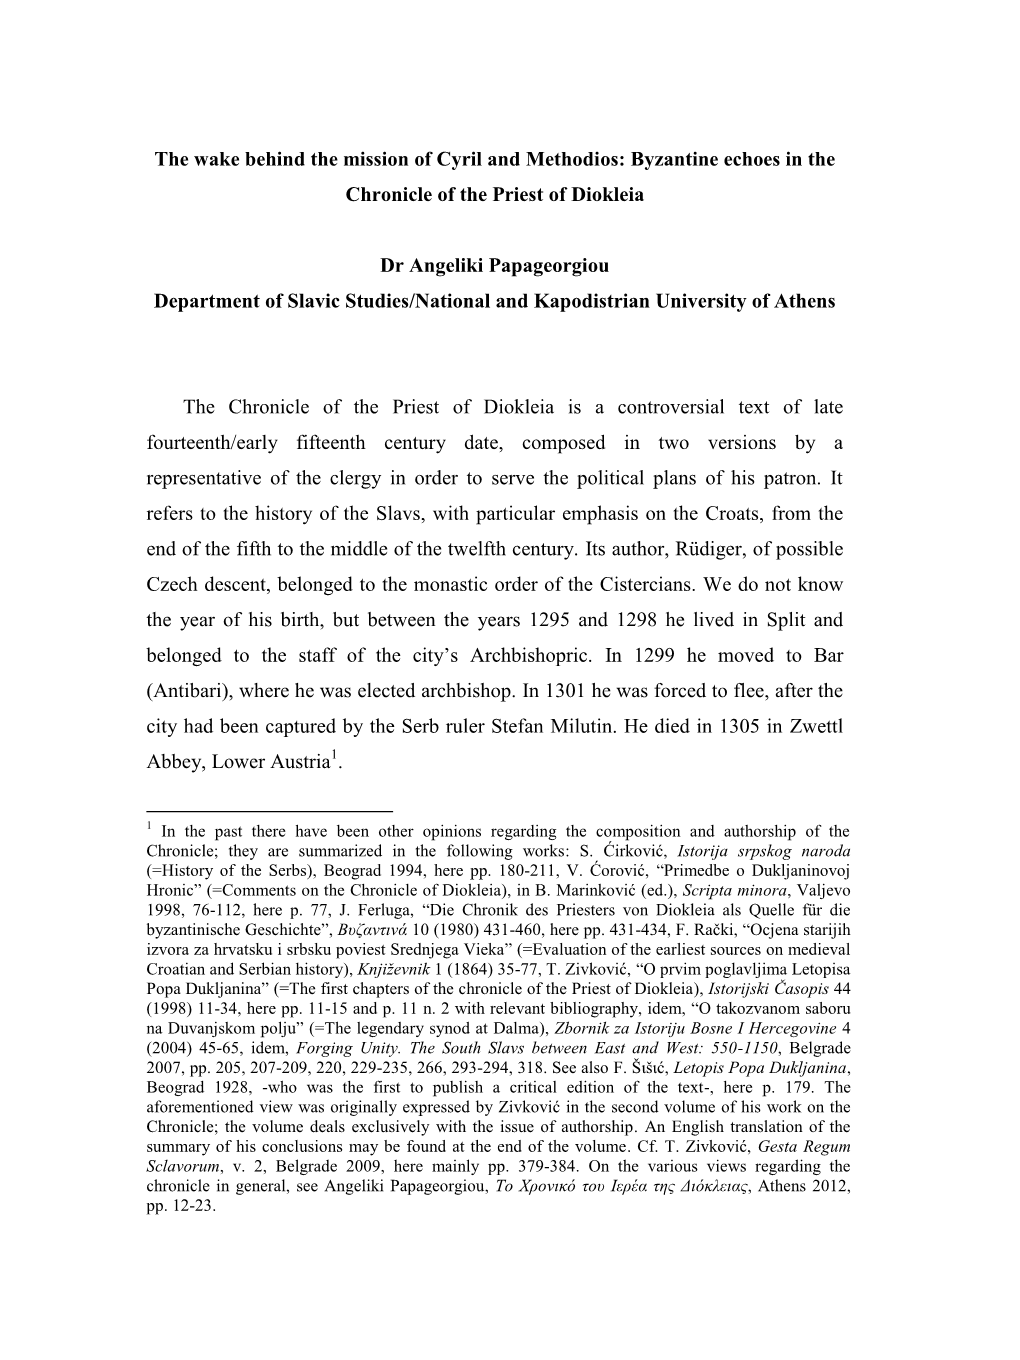 The Wake Behind the Mission of Cyril and Methodios: Byzantine Echoes in the Chronicle of the Priest of Diokleia
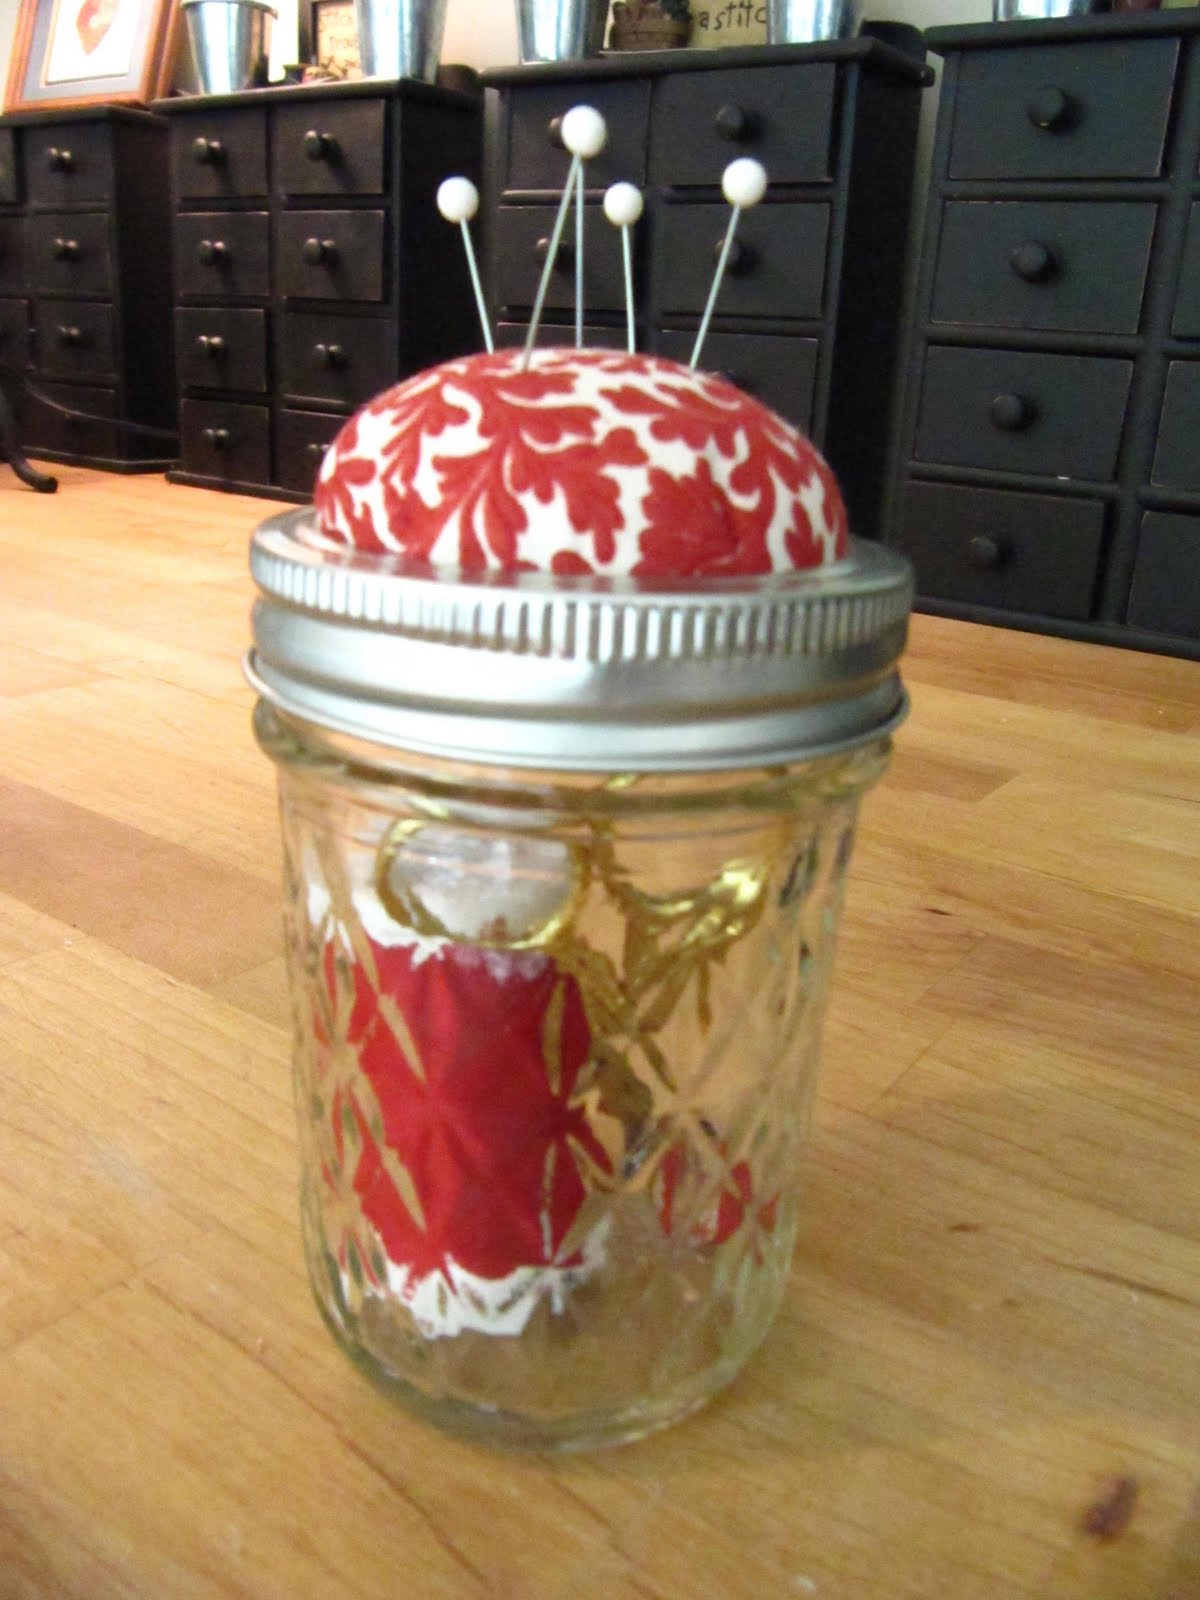 A DIY mason jar is the perfect sewing supplies storage that also saves space in a small apartment.
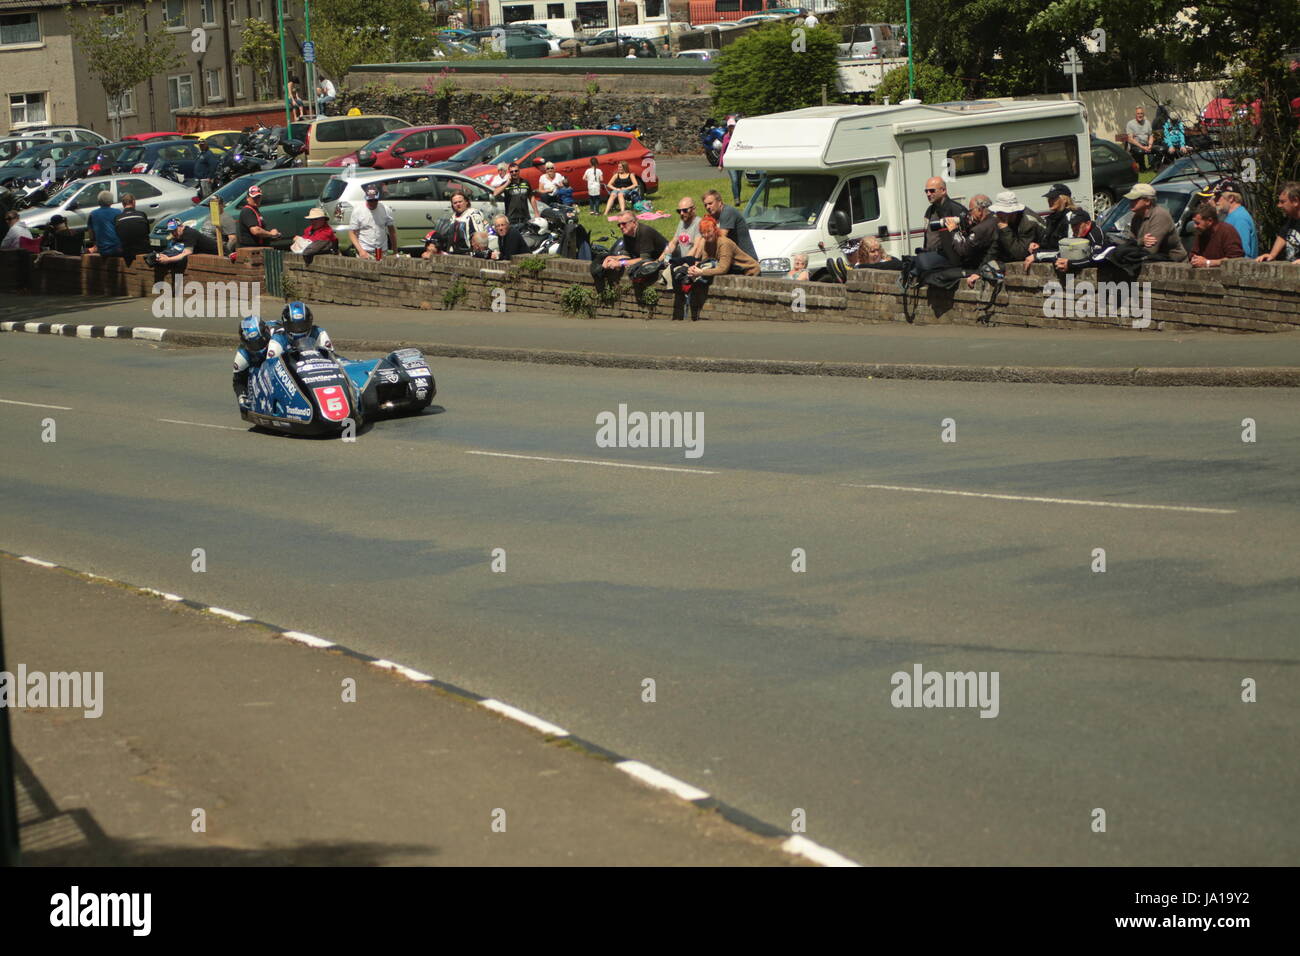 Isle of Man TT Races, Sidecar Qualifying Practice Race, Saturday 3 June 2017. Sidecar qualifying session. Number 6, Peter Founds and Jevan Walmsley on a 600cc LCR Honda sidecar of the Klaffi Racing team from Tenterden. Credit: Eclectic Art and Photography/Alamy Live News Stock Photo
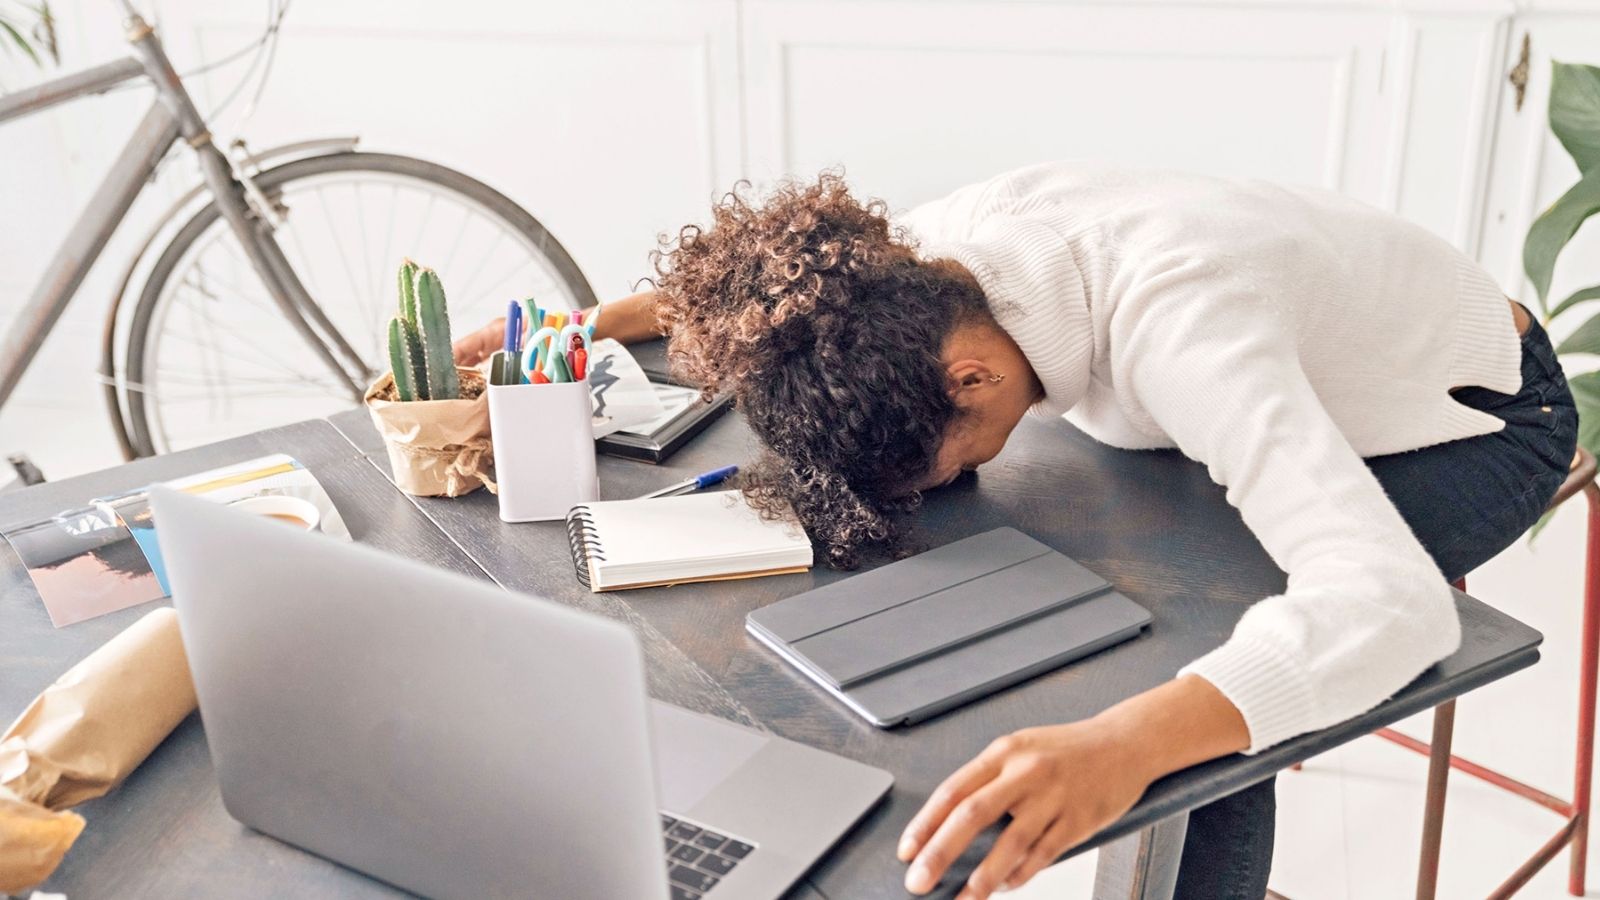 Have you ever gone into a deep slumber while working on your computer or your desktop?

--------------------------------

§ Work order
From the line that contains "Isle of Man" to the final line of the material, write out each line exactly. Pictures stay out.

§ Answer below
 Isle of Man TT Races, Sidecar Qualifying Practice Race, Saturday 3 June 2017. Sidecar qualifying session. Number 6, Peter Founds and Jevan Walmsley on a 600cc LCR Honda sidecar of the Klaffi Racing team from Tenterden. Credit: Eclectic Art and Photography/Alamy Live News Stock Photo
 Have you ever gone into a deep slumber while working on your computer or your desktop?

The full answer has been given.